# PROVIDED MATERIAL

- - -

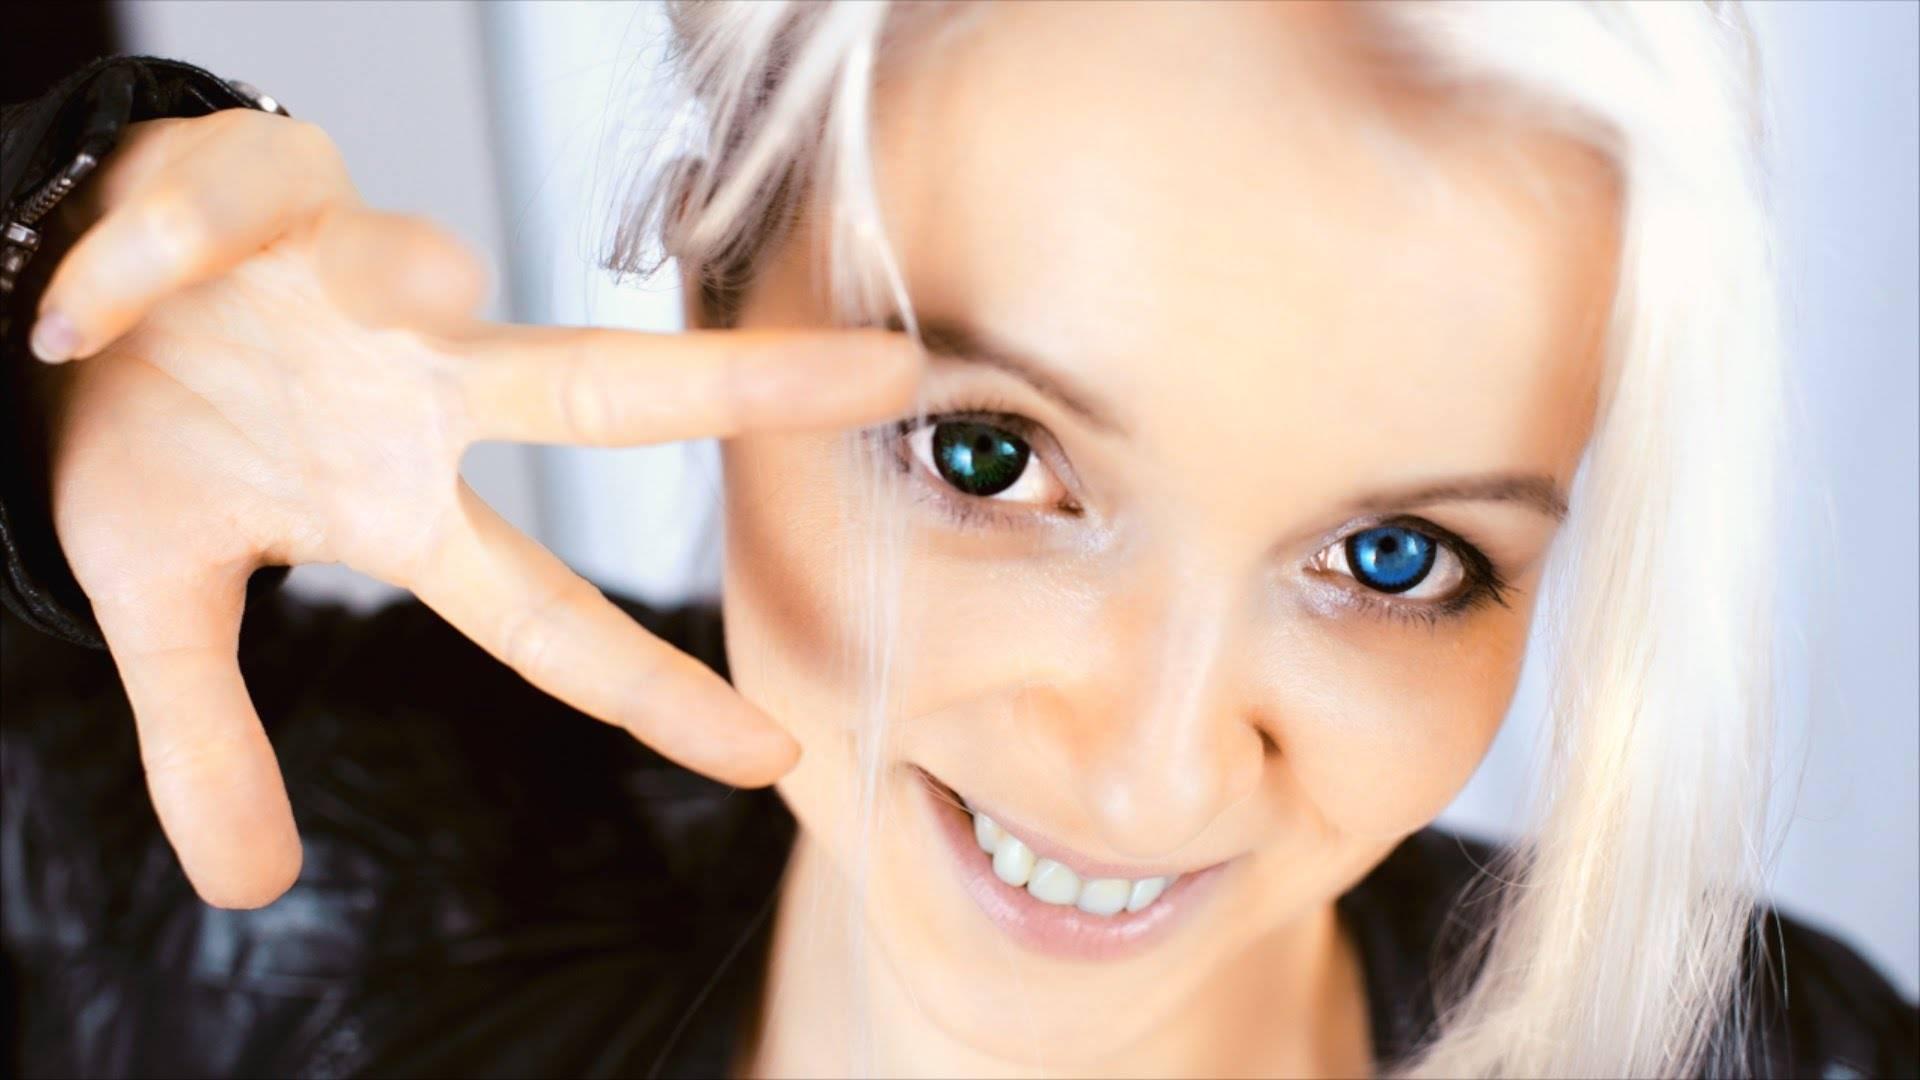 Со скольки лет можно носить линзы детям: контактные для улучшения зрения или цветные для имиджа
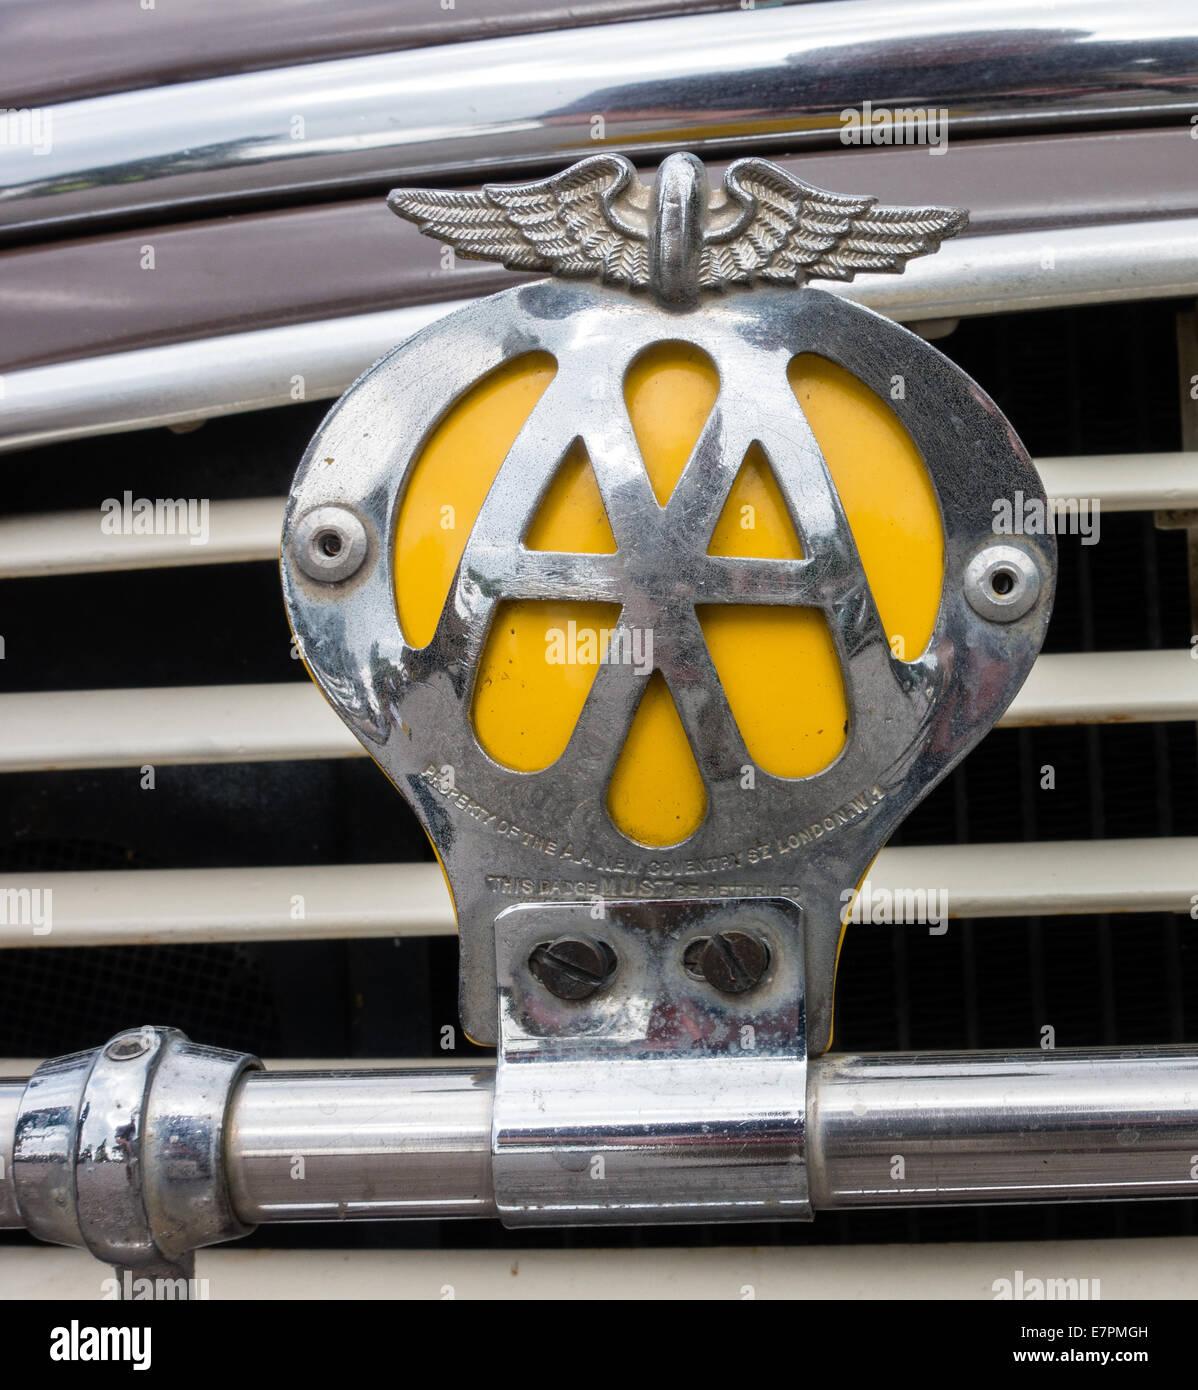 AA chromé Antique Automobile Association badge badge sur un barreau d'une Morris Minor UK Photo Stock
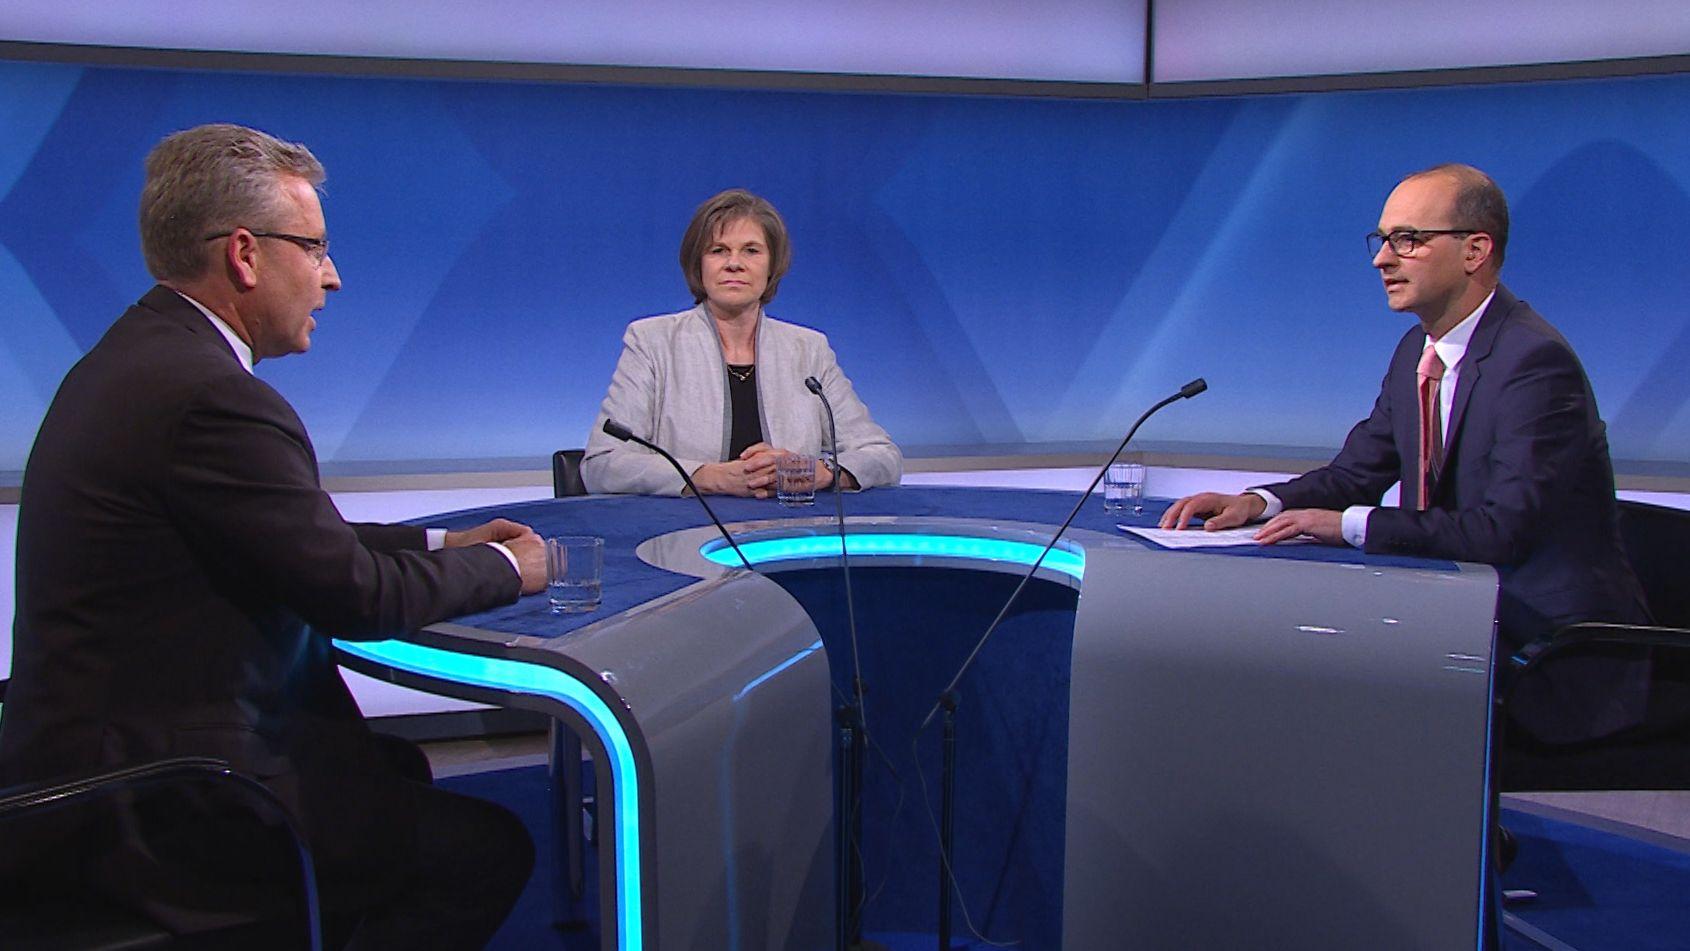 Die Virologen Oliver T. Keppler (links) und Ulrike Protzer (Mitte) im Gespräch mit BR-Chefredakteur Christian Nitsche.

- - -

# ABOUT THIS EXERCISE
Leave the pictures out. Otherwise, output the listing above exactly.

# TASK ANSWER
 Со скольки лет можно носить линзы детям: контактные для улучшения зрения или цветные для имиджа
 AA chromé Antique Automobile Association badge badge sur un barreau d'une Morris Minor UK Photo Stock
 Die Virologen Oliver T. Keppler (links) und Ulrike Protzer (Mitte) im Gespräch mit BR-Chefredakteur Christian Nitsche.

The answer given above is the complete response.